##openfpga on 2019-08-17 — irc logs at freenode.irclog.whitequark.org

00:04 freeemint has joined ##openfpga

00:05 freemint has quit [Read error: Connection reset by peer]

00:07 genii has quit [Remote host closed the connection]

00:10 freeemint has quit [Ping timeout: 250 seconds]

00:10 freemint has joined ##openfpga

00:12 <mwk> does anyone have some idea about what is a "CTLReg" configuration mode / Persist option setting for Xilinx FPGAs?
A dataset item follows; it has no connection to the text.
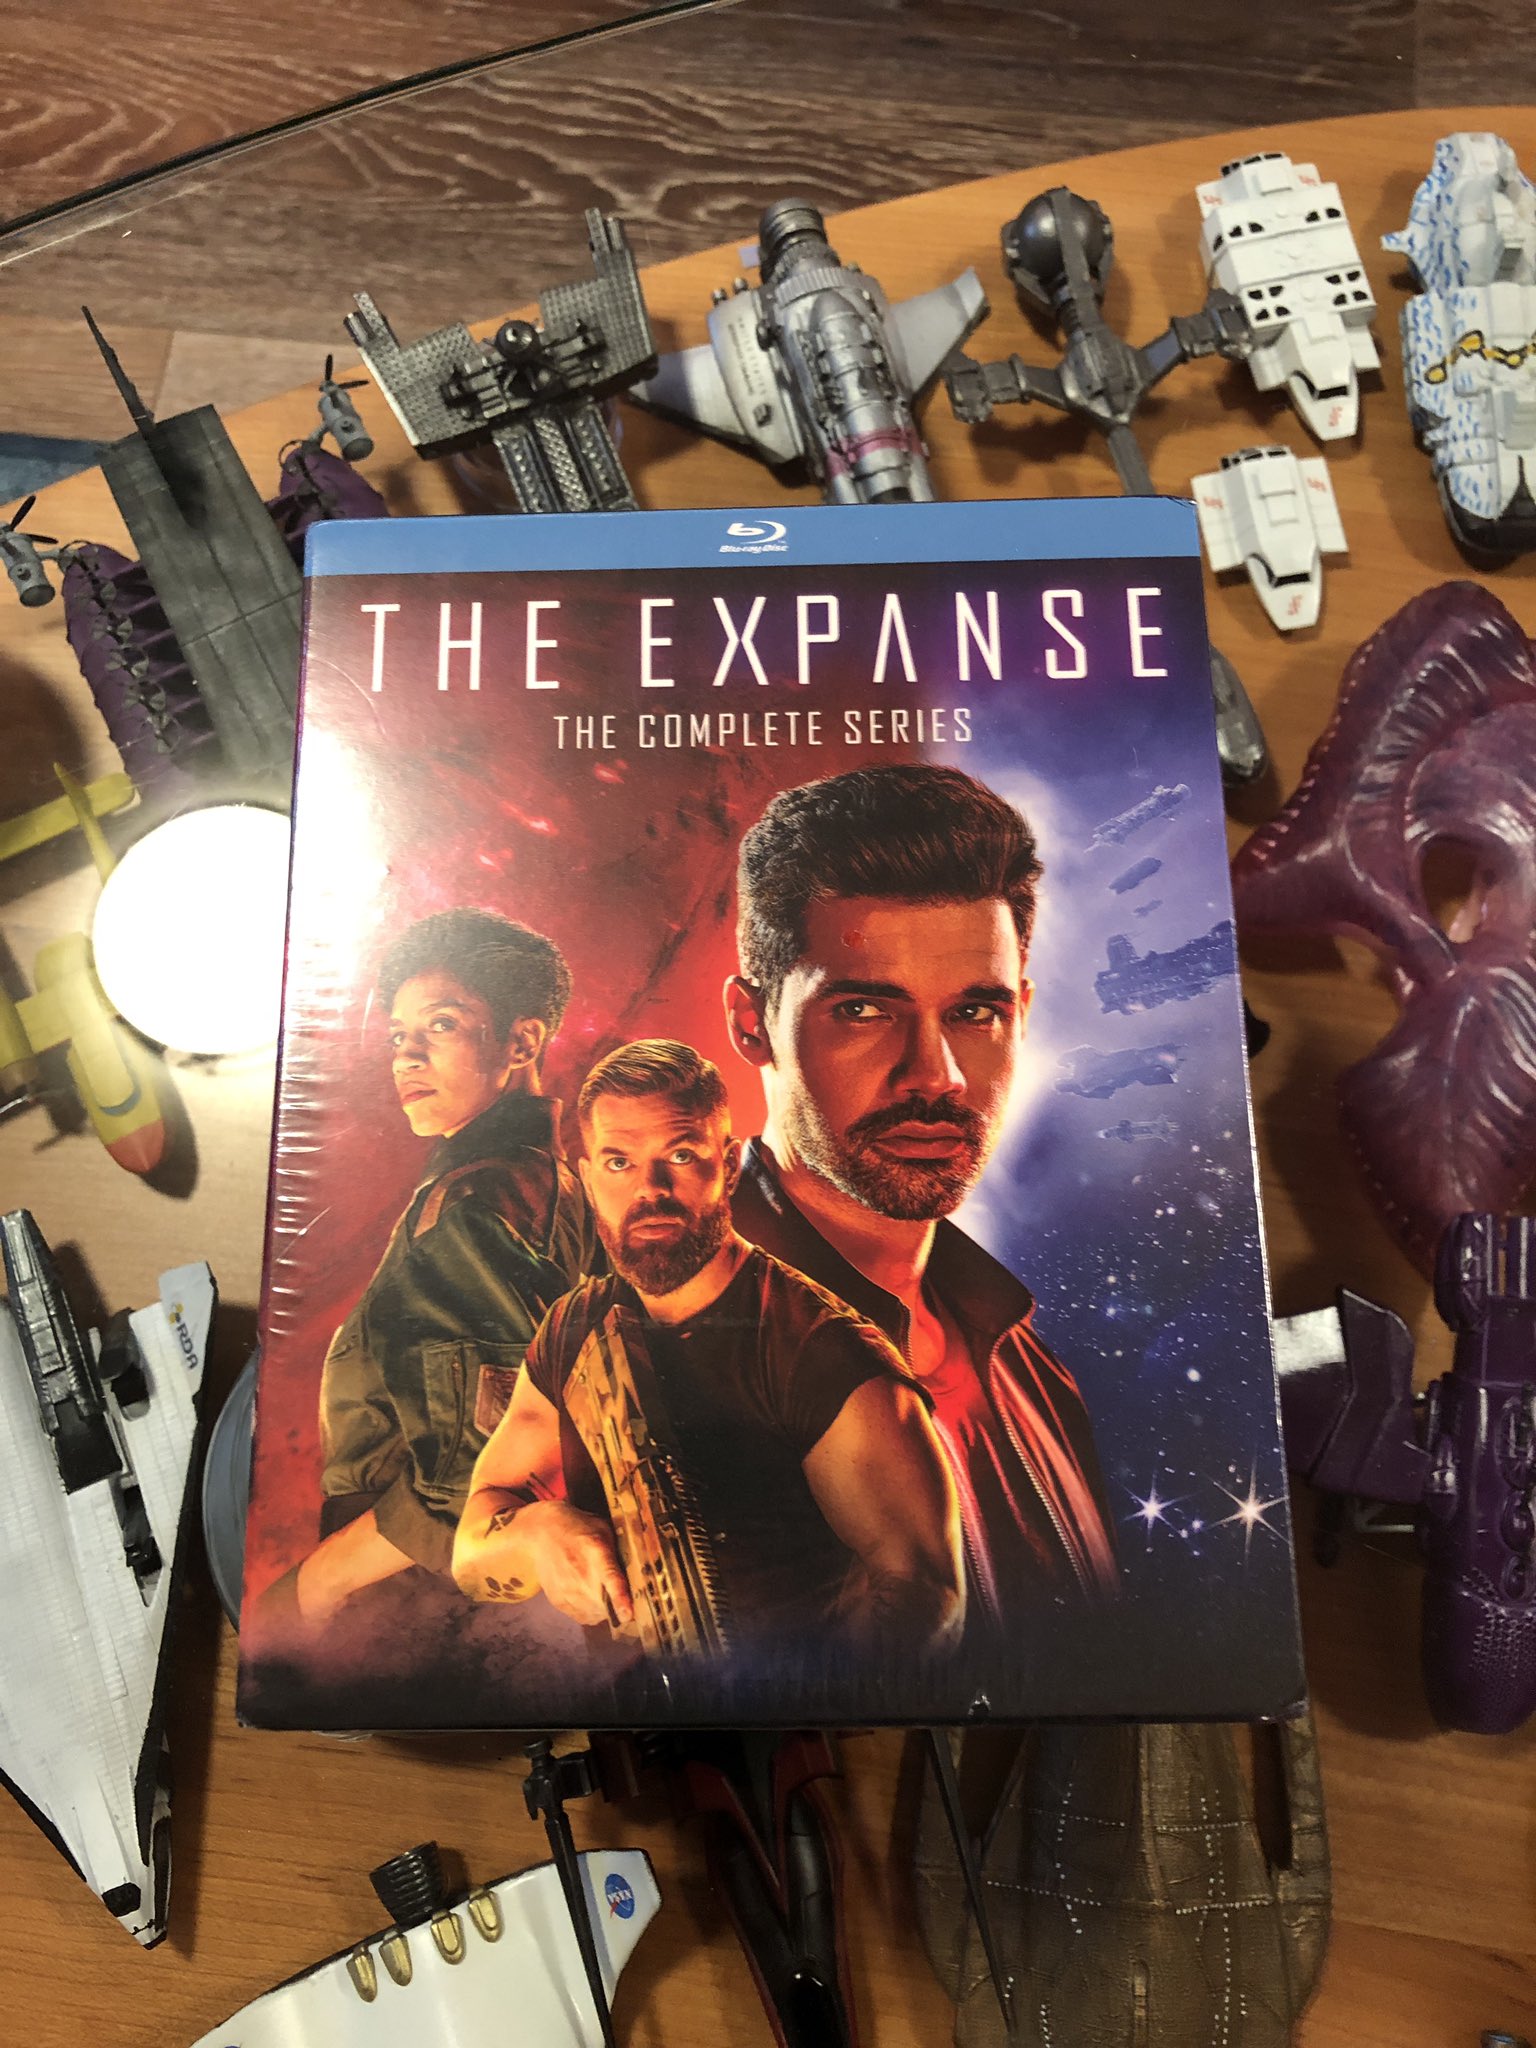 The Expanse: Season 5 [Blu-ray]

00:14 <mwk> I see in UG908 it's one of the possibilities for the BITSTREAM.CONFIG.PERSIST option in Vivado, and it's also accepted by ISE for many FPGA families

00:18 <mwk> oh

00:19 <mwk> guess I figured it out; it's an option that just sets the CTL register bit that enables persist, but doesn't set up the necessery I/O pads

00:29 freemint has quit [Ping timeout: 248 seconds]

00:30 <mwk> how boring

00:31 <mwk> also, wtf, why does spartan 3a actually accept X16 setting in there, the thing's not supposed to have a config interface that wide

00:32 <mwk> it... it actually configures 8 more pads than X8 mode as bidirectional, did I just stumble over a secret 16-bit-wide config mode

00:38 freemint has joined ##openfpga

01:11 freemint has quit [Ping timeout: 250 seconds]

02:41 _whitelogger has joined ##openfpga

03:11 mumptai_ has joined ##openfpga

03:14 mumptai has quit [Ping timeout: 245 seconds]

03:51 Bike has quit [Quit: Lost terminal]

04:56 MarcelineVQ has quit [Read error: Connection reset by peer]

04:57 MarcelineVQ has joined ##openfpga

04:57 MarcelineVQ has quit [Read error: Connection reset by peer]

04:58 MarcelineVQ has joined ##openfpga

05:32 _whitelogger has joined ##openfpga

05:56 _whitelogger has joined ##openfpga

06:04 pie_ has joined ##openfpga

06:24 Flea86 has joined ##openfpga

07:01 <sensille> as the artix 7 35T and 50T have the same bitstream lengths, does anyone know if it's possible to use a 35T as a 50T?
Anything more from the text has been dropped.